No, fixing one's currency to metal doesn't itself create wealth (nor does printing money, decreasing the money supply, &c.). Wealth is created when consumer needs/wants are met through voluntary transactions, and its production is accelerated when new methods, technologies, types of resources, &c. that facilitate the meeting of desires are discovered & used. The seminal question here is, why is an expanding money supply required to allow for the creation of wealth? Remember that, at least in the fiat system (in the case of a free coinage system, no one would choose to use the depreciating paper), citizens are coerced through tax laws, legal tender laws, and capital gains taxes into using the fiat currency.

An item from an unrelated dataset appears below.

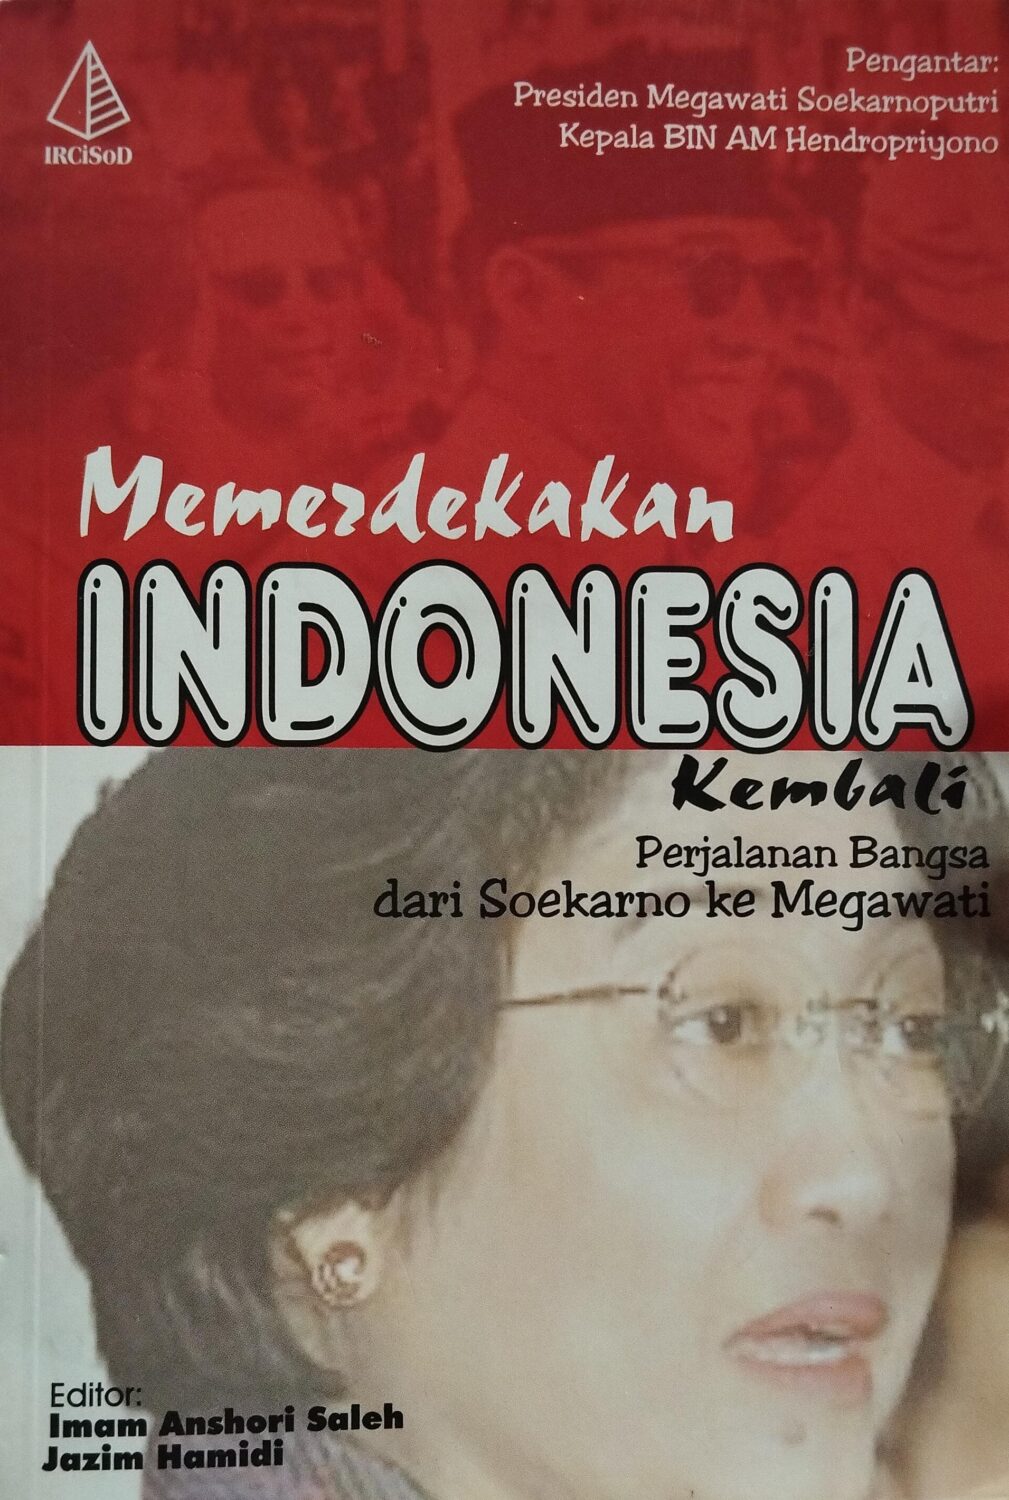 Kemerdekaan Indonesia Kembali, Perjalanan Bangsa dari Soekarno ke Megawati

If an aggressive body (usually calling itself a State) wishes to change the buying/selling habits of its subjects (really, victims) it usually can do so easily enough given its power, but unless it changes all of their habits (to do which it would have to put them in gulags basically. Not that I would put this above our elites) its aggression will introduce economic distortion. In the case of secretly-managed fiat currency, I think Rothbard explains very well how this causes the boom-bust cycle that is so wasteful of capital vis-a-viz consumer desires. In the more appealing case of a constantly-inflated gold-convertible currency, assuming we can trust the central bank (which is non-trivial concern!), we still have the problem of how the newly-created money is to be distributed (remember that it is procured through a tax!), and why it's even necessary in the first place. It's not as if the only money one can invest has to have been inflated from one's original savings.


(02-18-2012 03:43 PM)tenderman100 Wrote:  
(02-18-2012 01:45 PM)RebelLibertarian Wrote:  In a truly free society, there would be competing medims of exchange advertised by their managers for quality and difficulty of counterfeiting. In practice, the efficiency of the *pure* market system (As distinct from the crony crapitalism we now suffer under as from pure socialism!) would ensure that these coins or banknote certificates for precious metals were completely backed by precious metals and thus subject to no inflationary conjuring.

This isn't a vision of a free society...it's a vision of a society in economic chaos -- of a different kind than we have now, granted, but still chaotic.

The market is chaotic. If you're disposed to buy an AR-15 rifle, say, would you feel more comfortable with a single State-owned company, or a mass of competitors? In the former case (unless its products were subsidized by the taxpayer, which I think we can agree would be immoral as well as economically undesirable), you would have to do almost no research into calibers, barrels, uppers, lowers, handguards, rails, pistol grips, stocks, &c., but no doubt you would not get the best quality/price ratio in your weapon. In procuring my AR-15, I had to spend a great deal of time researching it but got a more accurate, reliable, and hard-hitting weapon than those advertised by mainstream companies.


(02-18-2012 03:43 PM)tenderman100 Wrote:  The first step has to be not debt liquidation but true asset writedown. And the assets that have to be written down? Bank assets. Once that happens the dollars that are ostensibly in the system AGAINST those assets have to be booked as decreases in capital. What we should be doing in undertaking a orderly write down of these assets -- every body takes turns and we methodically re-value. By the way this goes for the Fed, too.

This isn't a bad idea. I'd prefer an orderly phase-out of the Federal Reserve Note at the Fed and allowing the market to liquidate/write down/&c. companies' debts as the market decides they should be.